THE_LETTINGS_ROOM_LIMITED - Accounts
THE_LETTINGS_ROOM_LIMITED - Accounts
The directors present the strategic report for the year ended 31 March 2021.
Despite a fall in turnover in the year, completions have increased from 2019, in real terms, the figures have increased as indicated by a rise in deferred income.
Despite the turbulent year with Brexit, the developments produced have sold very well. The expansion into wider areas has seen an increased desire for investors to acquire a more nationwide portfolio and spread their risk.

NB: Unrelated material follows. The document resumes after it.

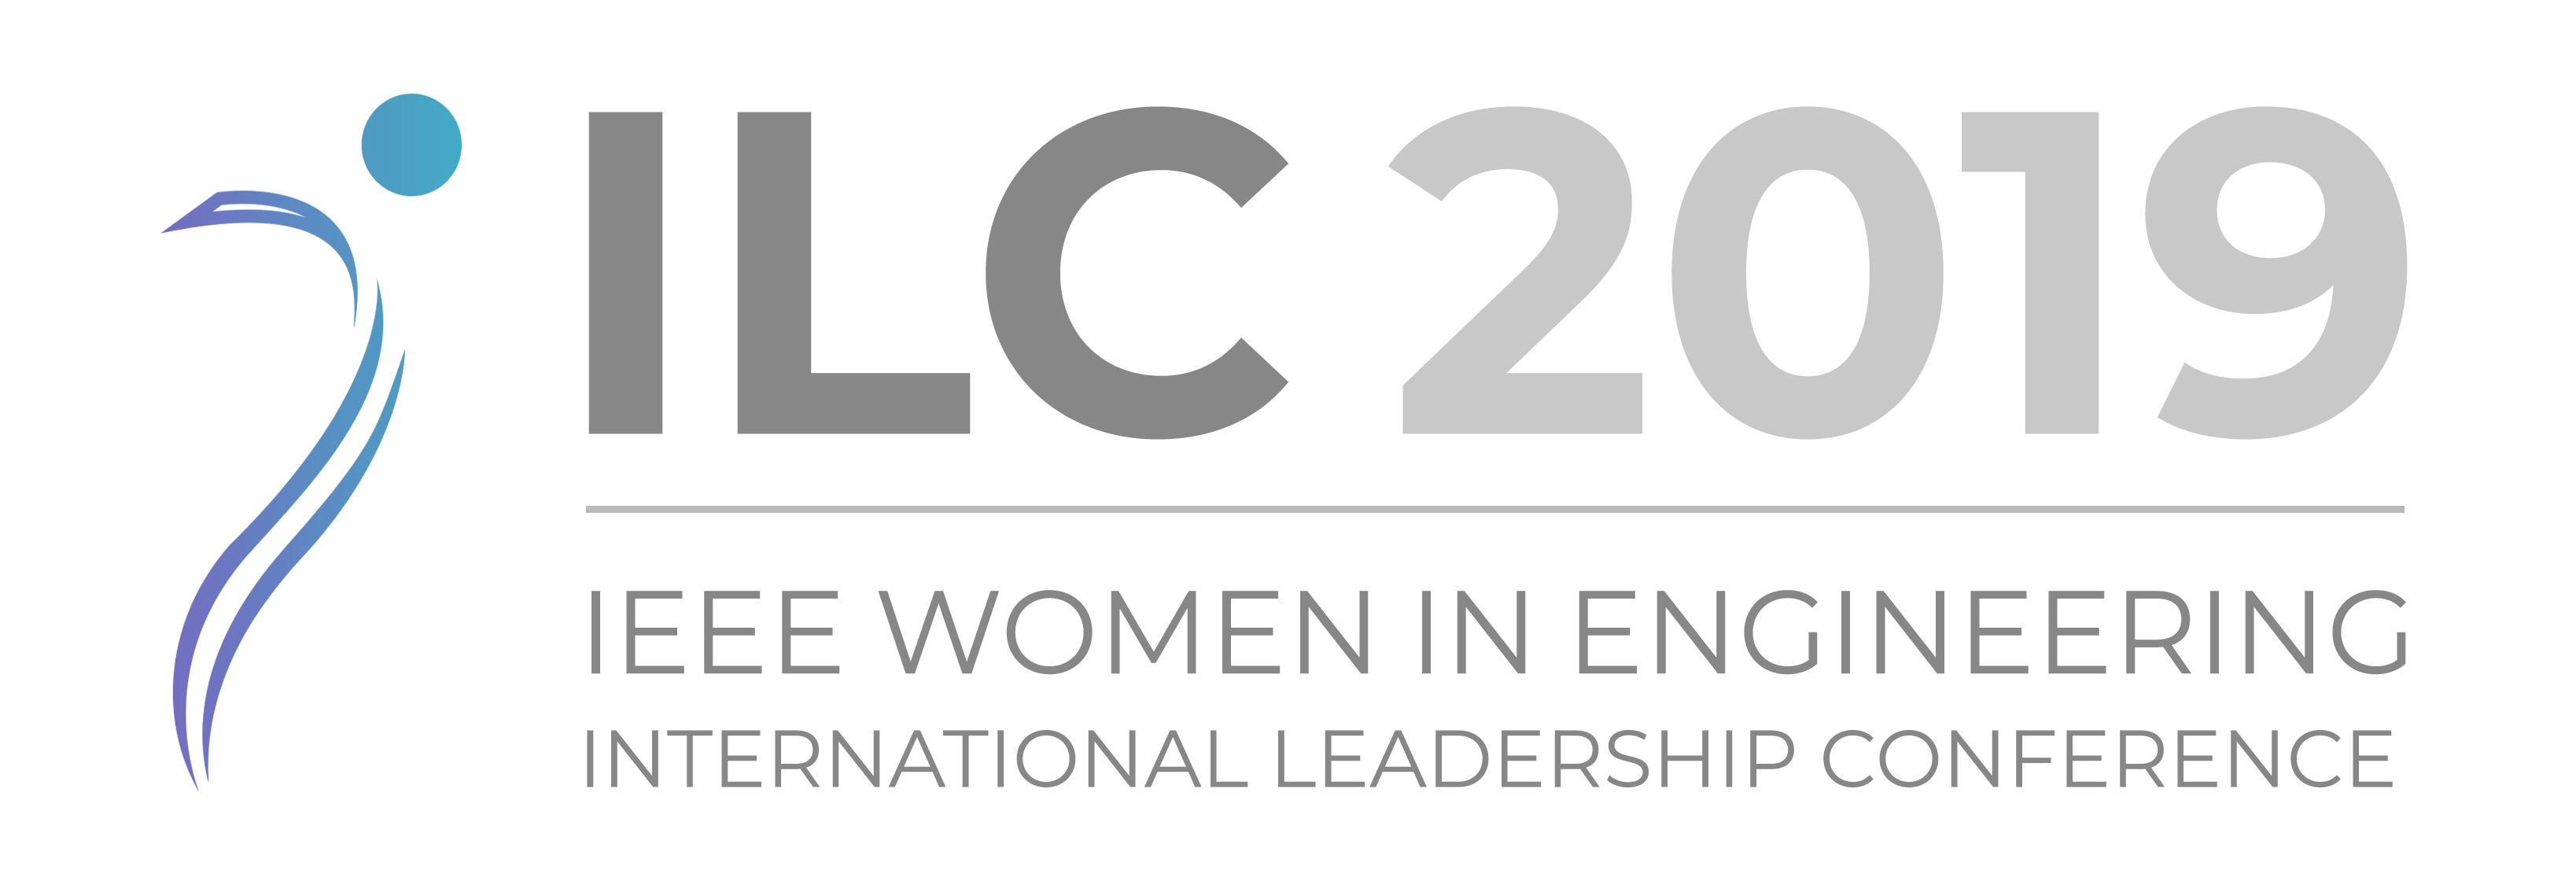 ILC 2019 Logo. IEEE Women in Engineering International Leadership Conference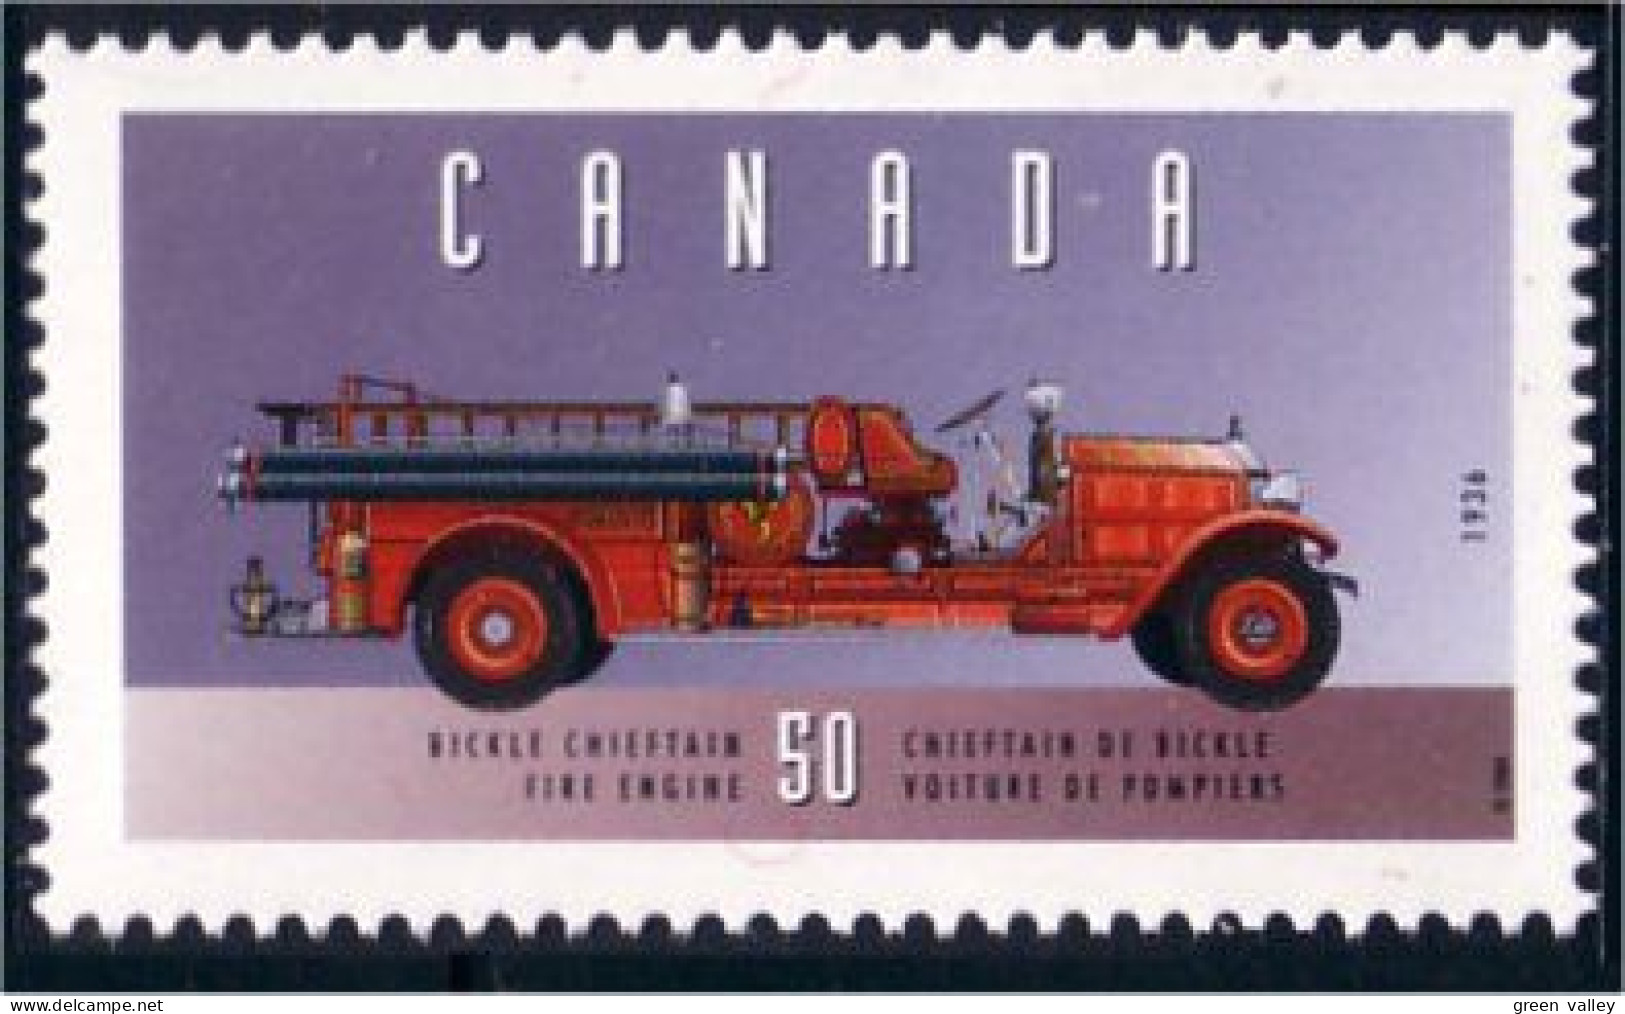 Canada Camion Pompier Bickle Chieftain Fire Engine MNH ** Neuf SC (C15-27dd) - Vrachtwagens

There has also been an increased influx from overseas investors taking advantage of the weak pound sterling and thus making property investment in the United Kingdom an attractive proposition. With this in mind, the business is looking further a field to work in collaboration with overseas agents in countries such as Hong Kong and the Middle East to enable their clients to purchase the product the business will produce.
As evidenced on the balance sheet, the company maintains a strong liquidity ratio.
The results for the year and the financial position at the year end were considered satisfactory by the directors.
Management consider that the key risk for the company are the changes in the potential development law whereby permitted development conversions from B1 office space to C3 residential could be withdrawn in the near future thus making stock much harder to acquire.
Additionally, the costs of converting and developing is set to increase with the latest Grenfell reports being released whereby it is almost certain that buildings are going to be required to have much more stringent systems in place to tackle potential fire issues ultimately costing more to produce the typical product.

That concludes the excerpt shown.